Emit a systemd unit so a project comes back up after the host reboots:

holos install --enable           # per-user, no sudo needed
holos install --system --enable  # host-wide, before any login
holos install --dry-run          # print the unit and exit

User units land under ~/.config/systemd/user/holos-.service;
system units under /etc/systemd/system/. holos uninstall reverses
it (and is idempotent — safe to call twice).

Every service can reach every other service by name. Under the hood:

• Each VM gets two NICs: user-mode (for host port forwarding) and socket multicast (for inter-VM L2)
• Static IPs are assigned automatically on the internal 10.10.0.0/24 segment
• /etc/hosts is populated via cloud-init so db, web-0, web-1 all resolve
• No libvirt. No bridge configuration. No root required for inter-VM networking.
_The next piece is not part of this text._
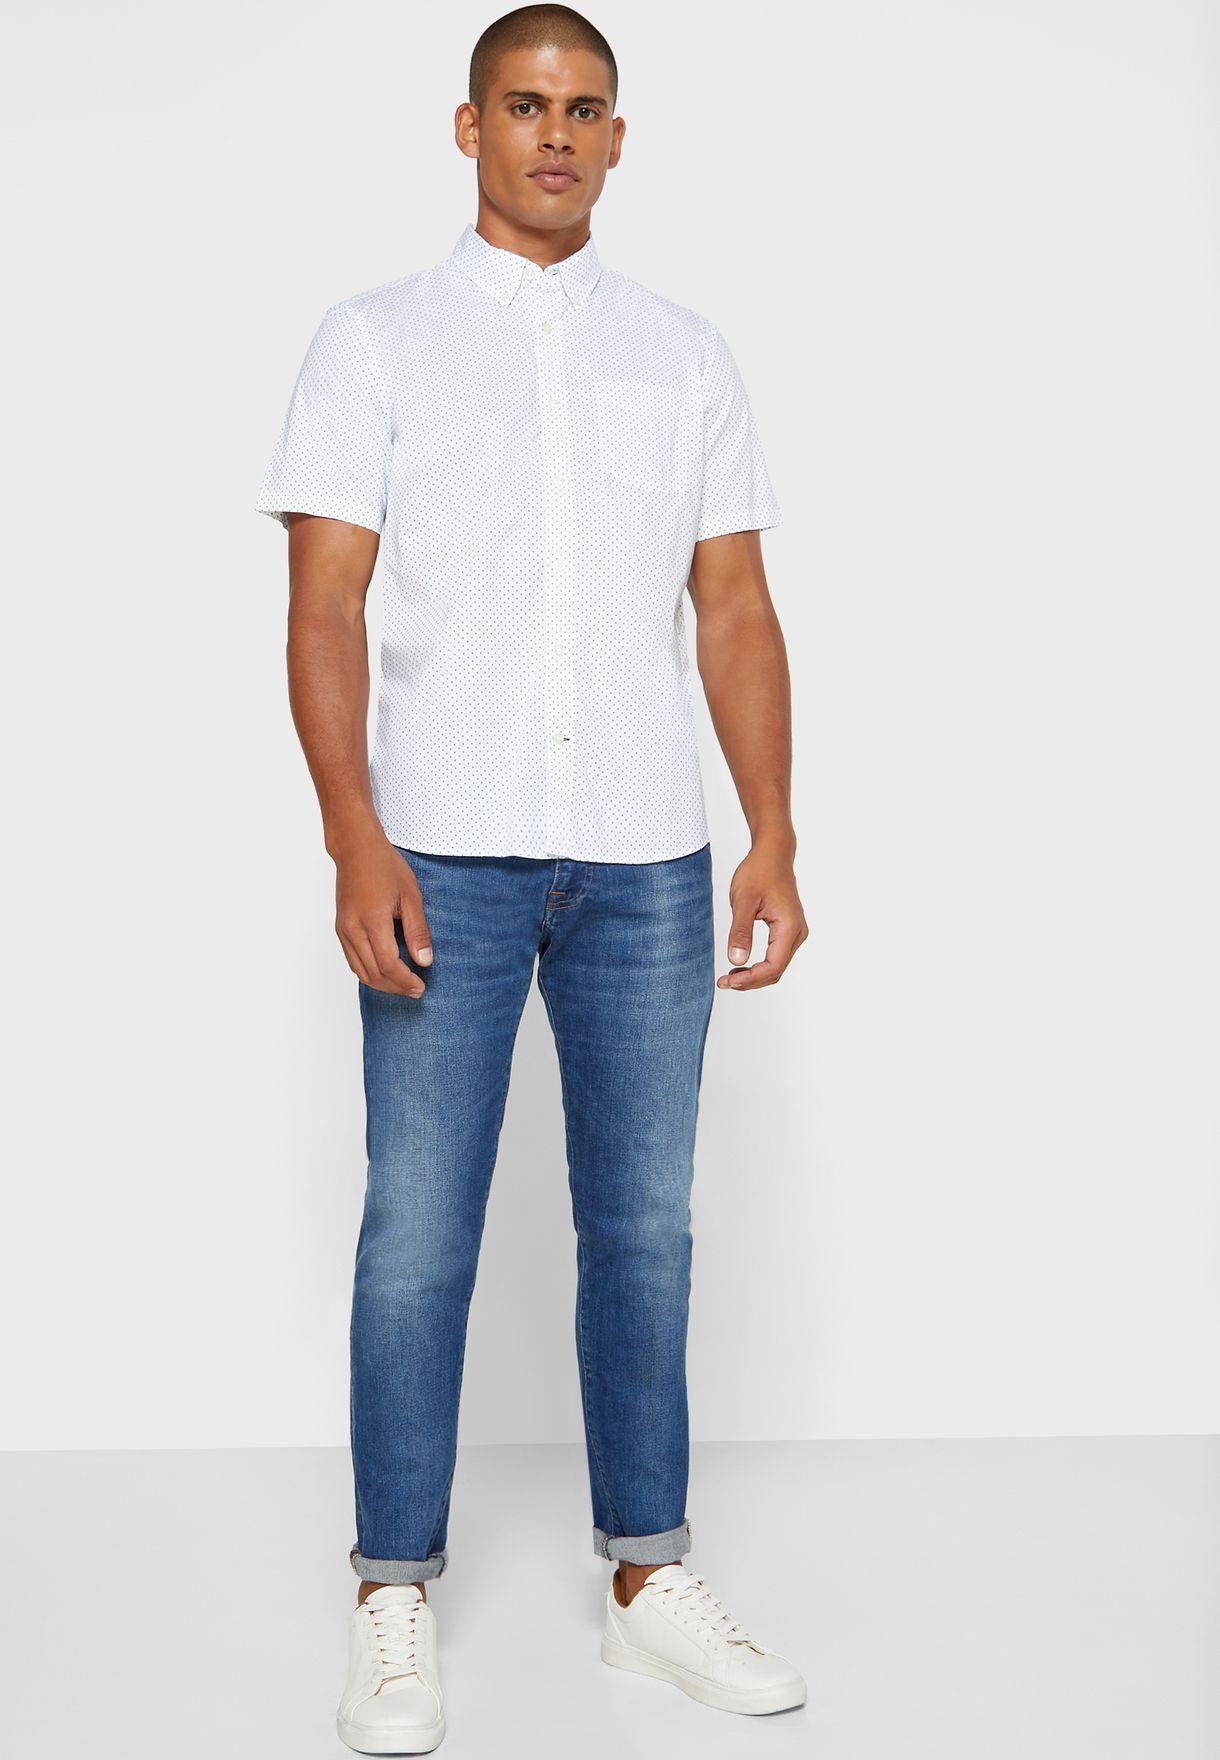 قميص بطبعة نقاط
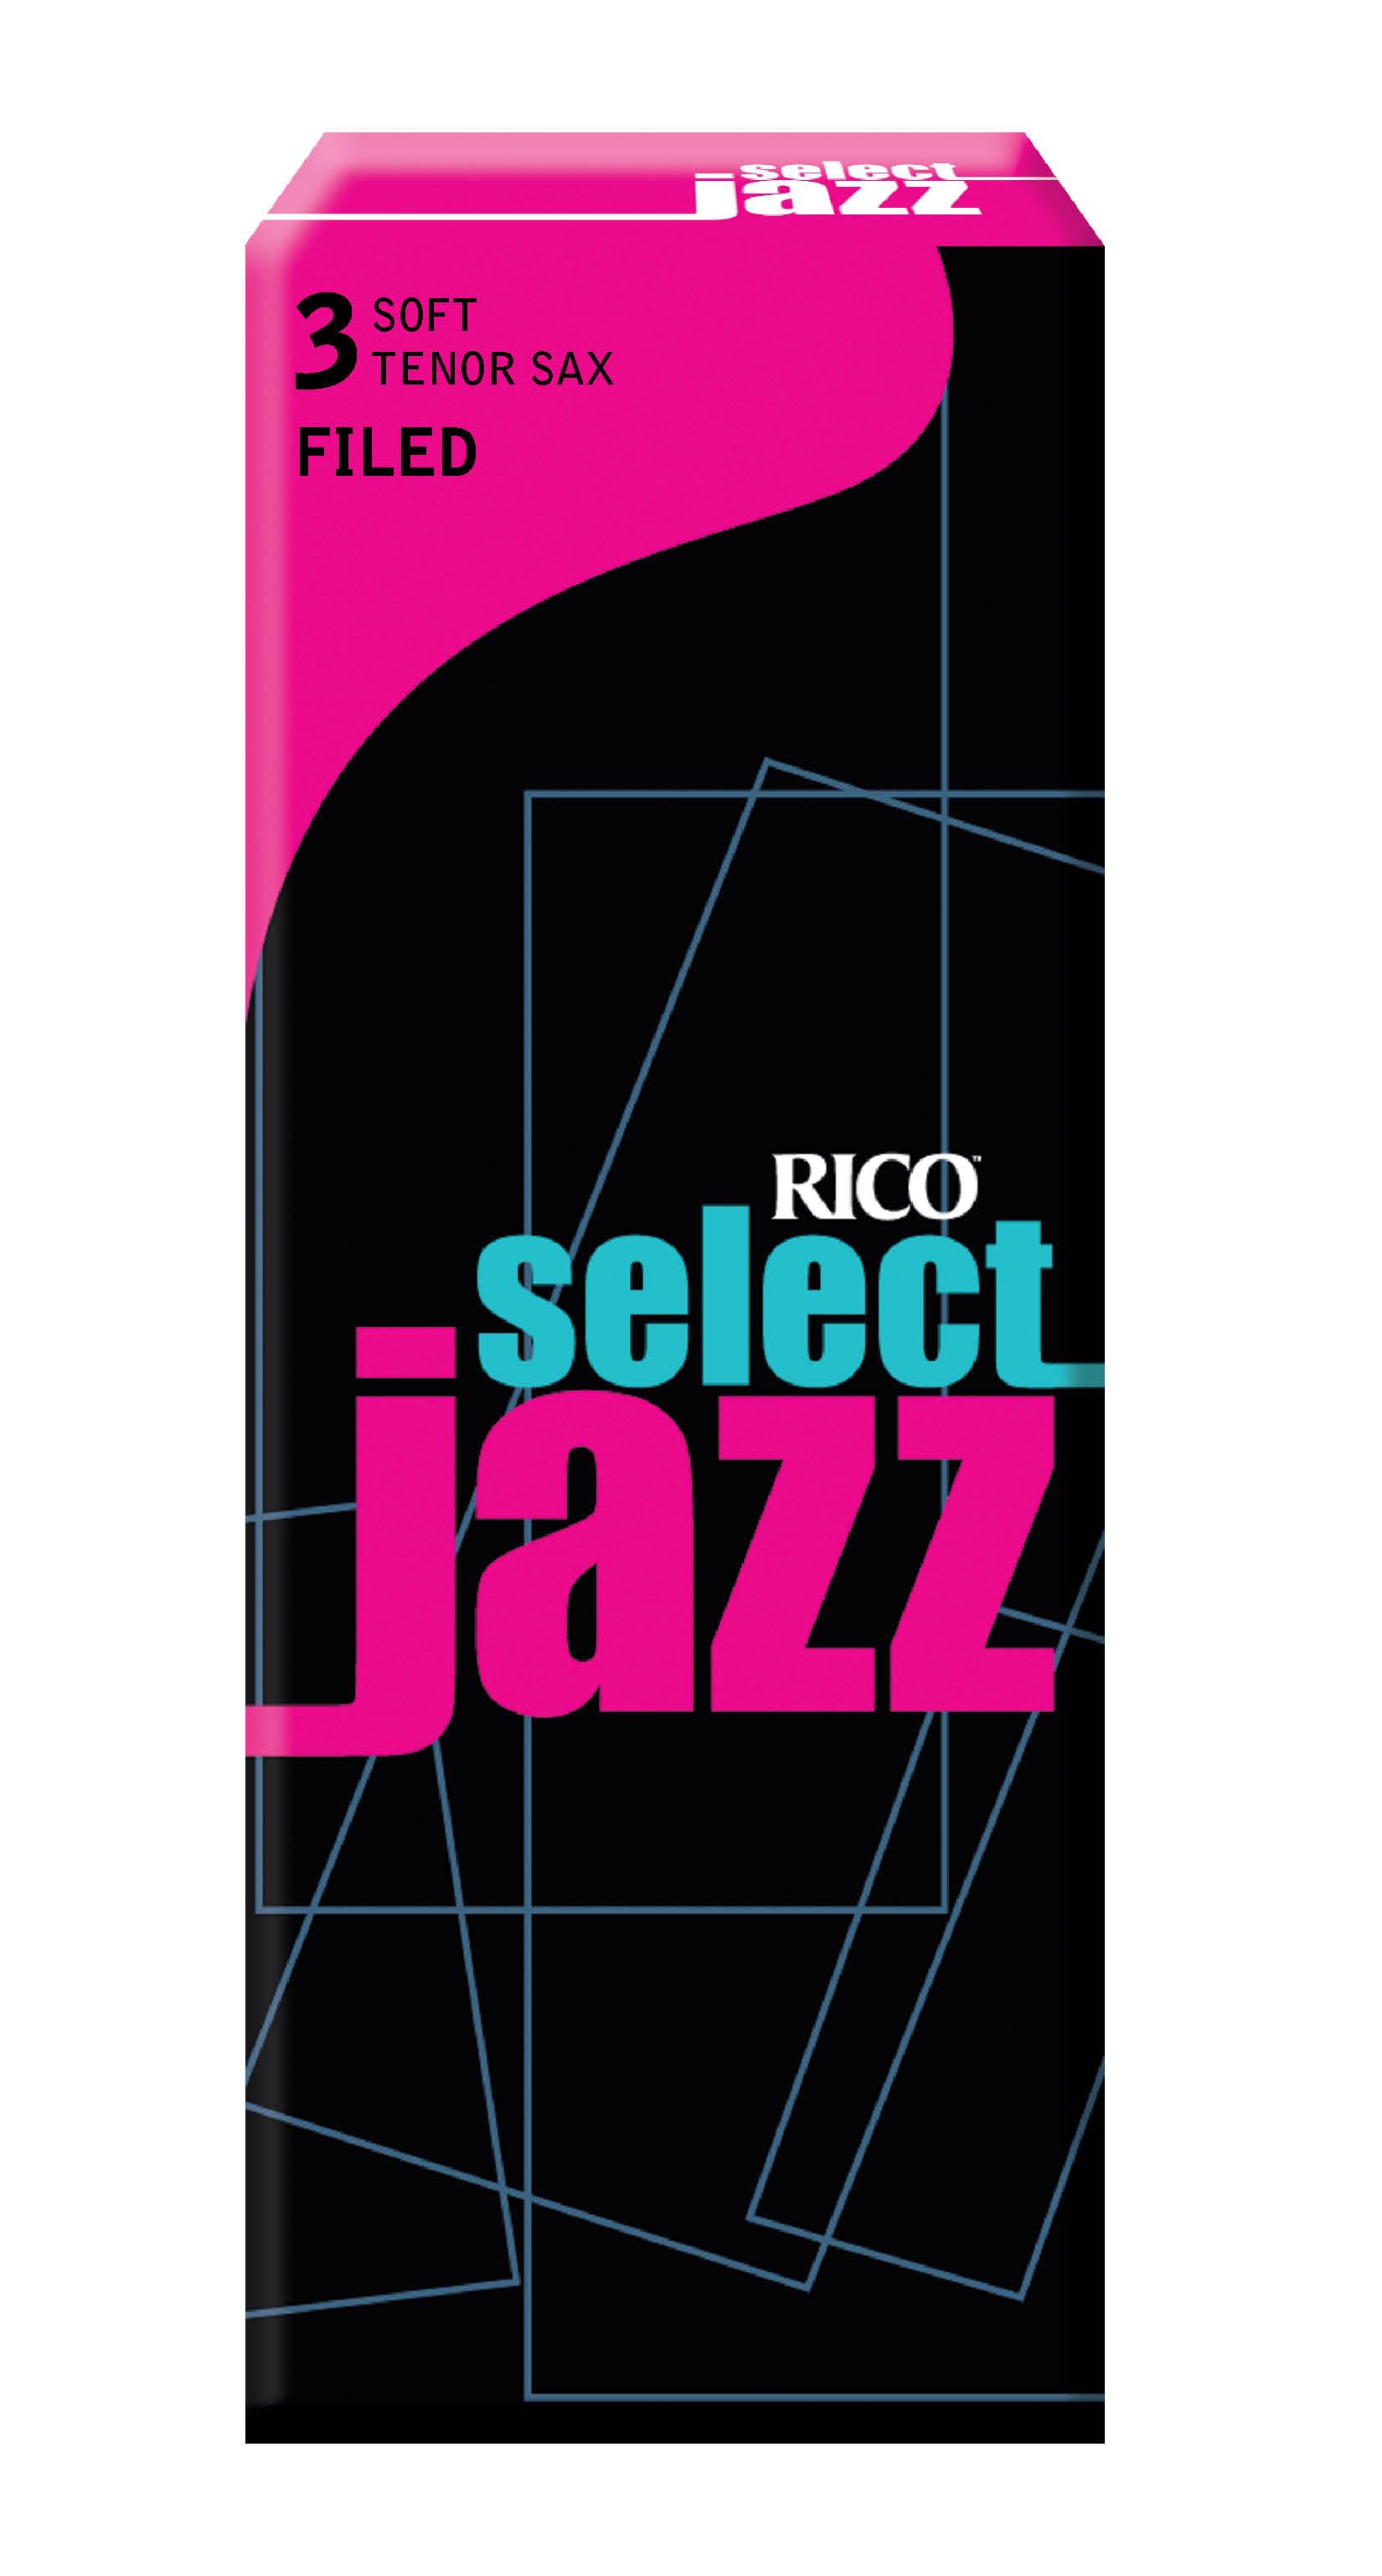 Reed--tenor Sax  Rico Sj Filed

Pass physical GPUs (or any PCI device) directly to a VM via VFIO:

services:
  ml:
    image: ubuntu:noble
    vm:
      vcpu: 8
      memory_mb: 16384
    devices:
      - pci: "01:00.0"       # GPU
      - pci: "01:00.1"       # GPU audio
    ports:
      - "8888:8888"

What holos handles:

• UEFI boot is enabled automatically when devices are present (OVMF firmware)
• kernel-irqchip=on is set on the machine for NVIDIA compatibility
• Per-instance OVMF_VARS copy so each VM has its own EFI variable store
• Optional rom_file for custom VBIOS ROMs

What you handle (host setup):

• Enable IOMMU in BIOS and kernel (intel_iommu=on or amd_iommu=on)
• Bind the GPU to vfio-pci driver
• Run holos devices --gpu to find PCI addresses and IOMMU groups

Use pre-built cloud images instead of building your own:

services:
  web:
    image: alpine           # auto-pulled and cached
  api:
    image: ubuntu:noble     # specific tag
  db:
    image: debian           # defaults to debian:12

Available: alpine, arch, debian, ubuntu, fedora. Run holos images to see all tags.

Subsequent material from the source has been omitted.